Mr. Tanaka jolted in Negi's arms. His bruised face lifted as his eyes widened. The rain pressed sodden hair against skin. 

"I could ask you the same thing, dumbass." Yuriko sighed so deeply she would have ruptured an organ without her barrier. "Itadori Yuji. Do you even remember what we were talking about before he showed up? It hasn't even been half a second. Sukuna was a better listener." 

"Hey! I don't think—" 

"Quiet, urchin." She almost had to slap his hands apart again. "Just do the swap, Yuji." 

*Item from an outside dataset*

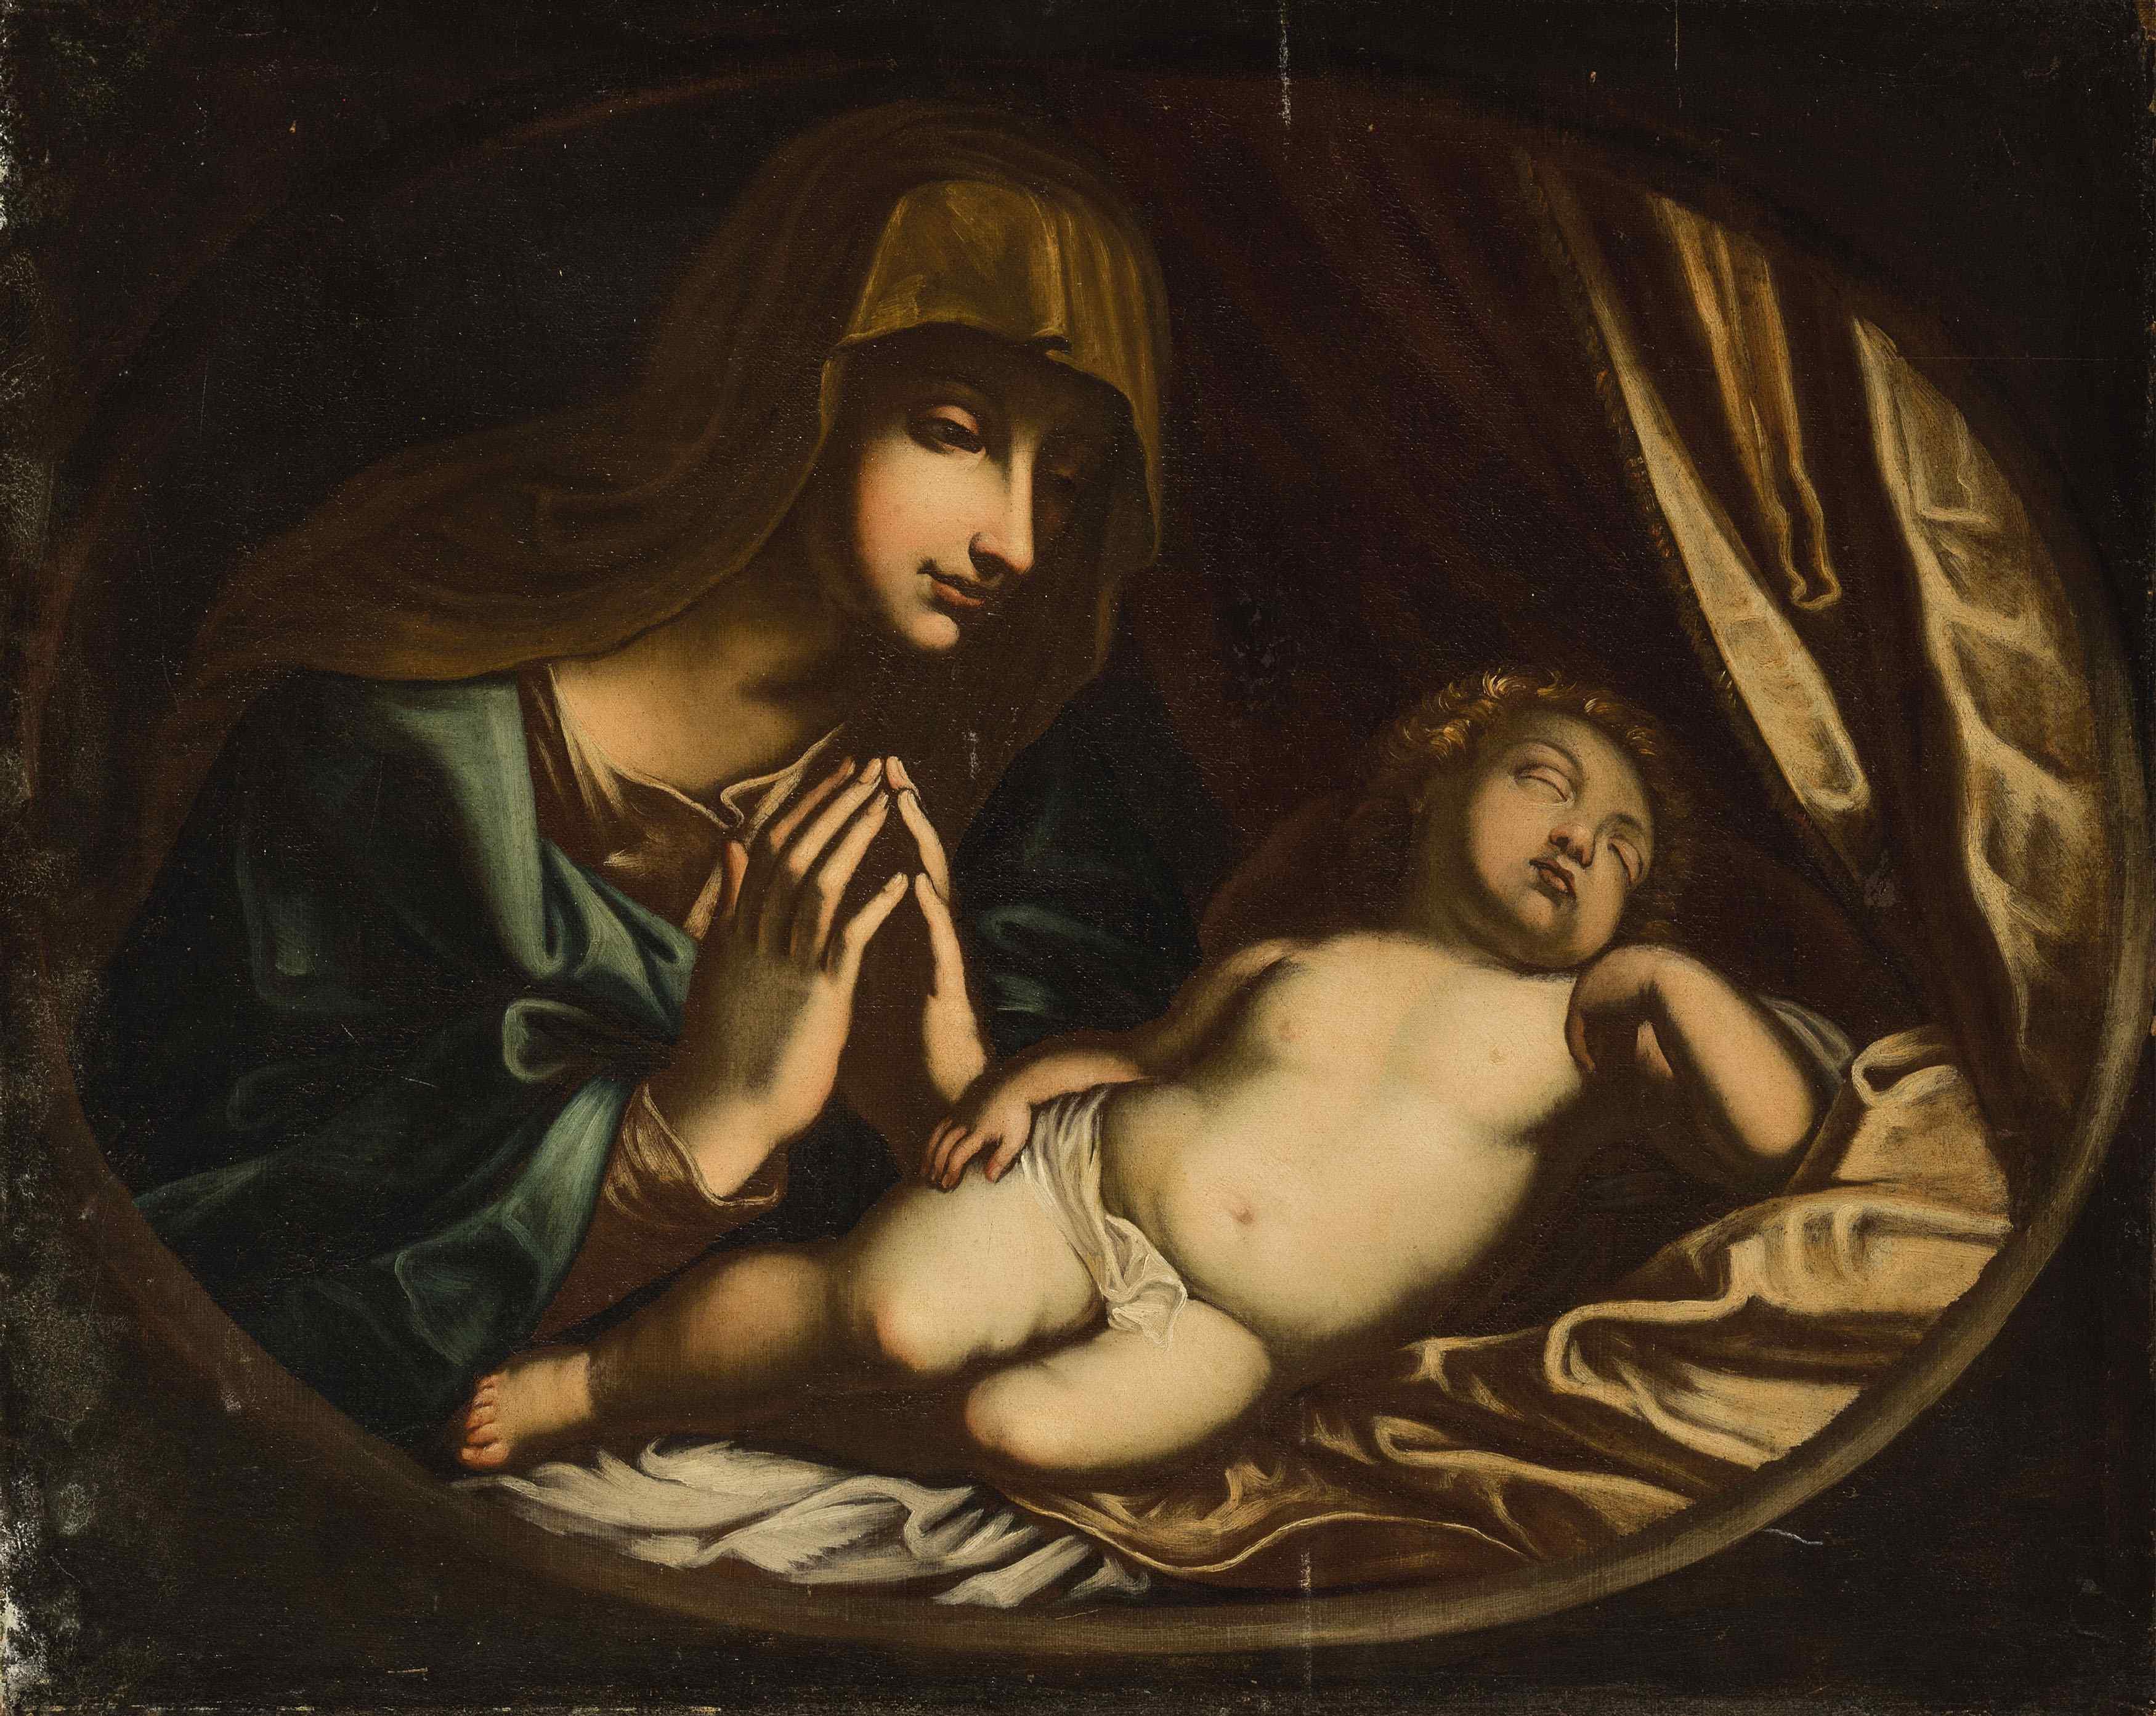 Madone avec enfant, atelier de Giovanni Battista Salvi

That seemed to do it. The hint that broke the camel's back, as it were. Understanding dawned on his face, the same way it had when he'd finally understood what a benzene ring was, and then he walked toward Negi without another word. 

"No... No! Not for me! Children, stop this at once!" 

"A little late in the eleventh hour to be the adult, isn't it?" The curse user lightly kicked Mr Tanaka toward Yuriko. 

Oh. She filed that little detail away for later, as she watched the moron clamp his hand around Yuji's wrist. The presence of Negi's middling energy dimmed even further, and with it, the influence of his technique. Yuriko could practically see the myofibrils in his shoulders relax as he turned his back to her. The fucker really thought he was getting away with it. 

Pick your moment, Yuji. 

Yuriko, in the meanwhile pulled her energy back under her skin—Negi's posture loosened even further. How had he done it? The abominable wretch now dwelling in her friend's body. Ryoumen Sukuna. The man had pointed, and a slash had followed with barely any lag. Like his cursed energy was already there, in his fingers, waiting to be primed. But she hadn't sensed a thing. 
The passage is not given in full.